Newcastle United's much-publicised stupid problem looks set to be solved today, with Magpies owner Fat Mike Ashley expected to reveal 50 Kevin Keegan clones bought from a controversial Swiss genetic research laboratory.
Wor Kevs
"All football fans in general and fans of Newcastle in particular know the shortcomings of a singular Kevin Keegan," explained Ashley to The Onion Bag's godless science correspondent Larry "Nietzsche" Gak. "Now, with a plurality of Keegans, we can have a new King Kev almost every week". The Keegan Pool are to be housed in a specially built block of flats, where they are to be provided with all modern conveniences except for access to the football media. This would just make them sad and start thinking about resigning all the time. Each successive Keegan will then be brought to the club and thrust into a managerial service of 1.04 weeks, after which they will be allowed to leave via a helicopter from the centre circle of St. James Park.
Job lot of P45s
Most Newcastle fans, said to be concerned about the effects on long-term stability, are nevertheless completely satisfied in the short-term, which is all that really matters to them.

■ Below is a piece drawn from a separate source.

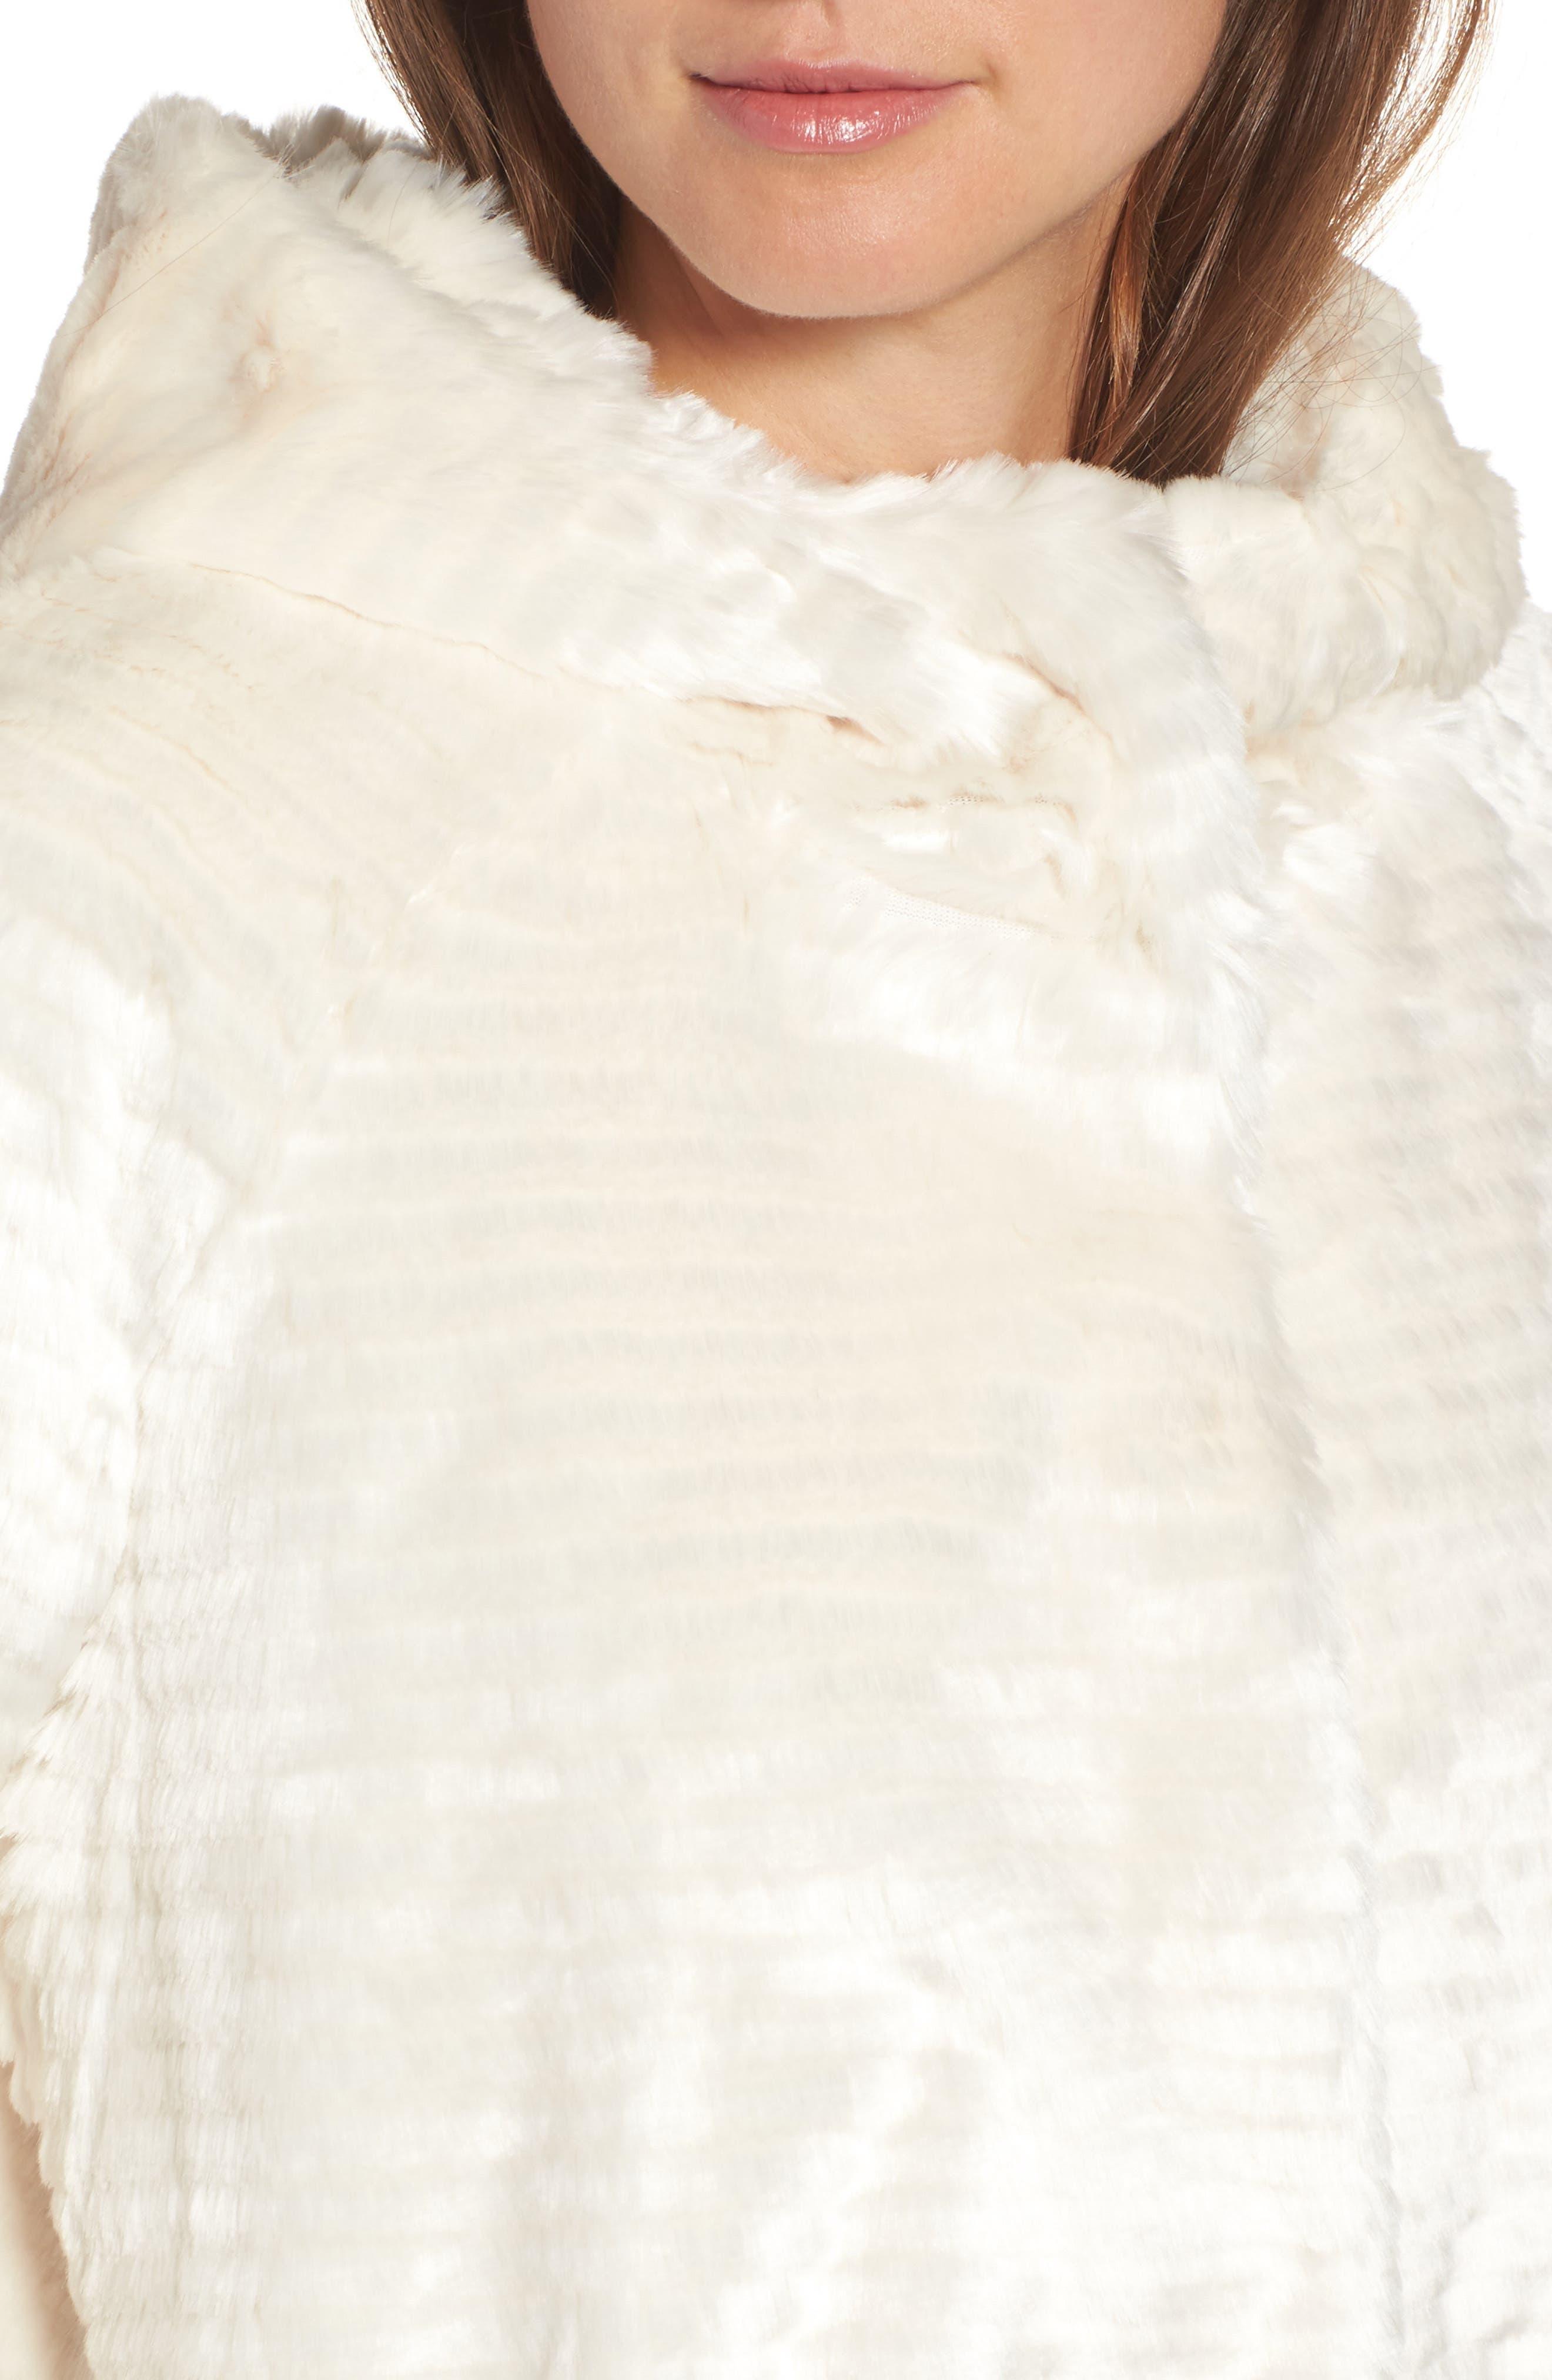 VINCE CAMUTO,                             Hooded Faux Fur Coat,                             Alternate thumbnail 4, color,                             100

Owner Ashley last night refused to be pressed on the subject of whether the first batch of fifty Keegans will then be retained and rotated for the 2009/2010 season, but our undercover reporter Larry Gak can reveal that strong rumours from Geneva suggest that a further 100 Keegans have been ordered. This would leave the club with the problem of the humane disposal of the initial Keegans, with golf courses and soccer circuses up and down the country said to be on high alert.
Released into the wild
An equally humane solution, of course, would be to transfer the spent Keegans to rival clubs. This, however, is said to be something the Newcastle board are very keen to avoid. Several fellow Premiership strugglers have expressed a desire to add a number of Keegans into their existing coaching set-up, whilst uncommunicative sulky bastards like Sir Alex Ferguson and Juande Ramos are both interested in hiring a full-time post match Keegan for media interviews. Ferguson, said to be particularly keen on the idea, last night told The Onion Bag that he would "love it".
Please stand up
The real Kevin Keegan is said to have willingly participated in the experiment, on the understanding that his place in the rotation of Keegans would be secured until at least 2011. King Kev's wife, however, has been far less enthusiastic about the scheme. Worried about the confusing prospect of a glut of Replikeegans, she made the genuine article get one of John Toshack's poems about their vintage 1970s strike-partnership tattooed on his bottom. This, she explained, will ensure that she does not accidentally commit marital infidelity with a rogue Keegan whilst the genuKeegan is busy resigning, or commentating on a meaningless UEFA Cup group stage rubber for Channel Five.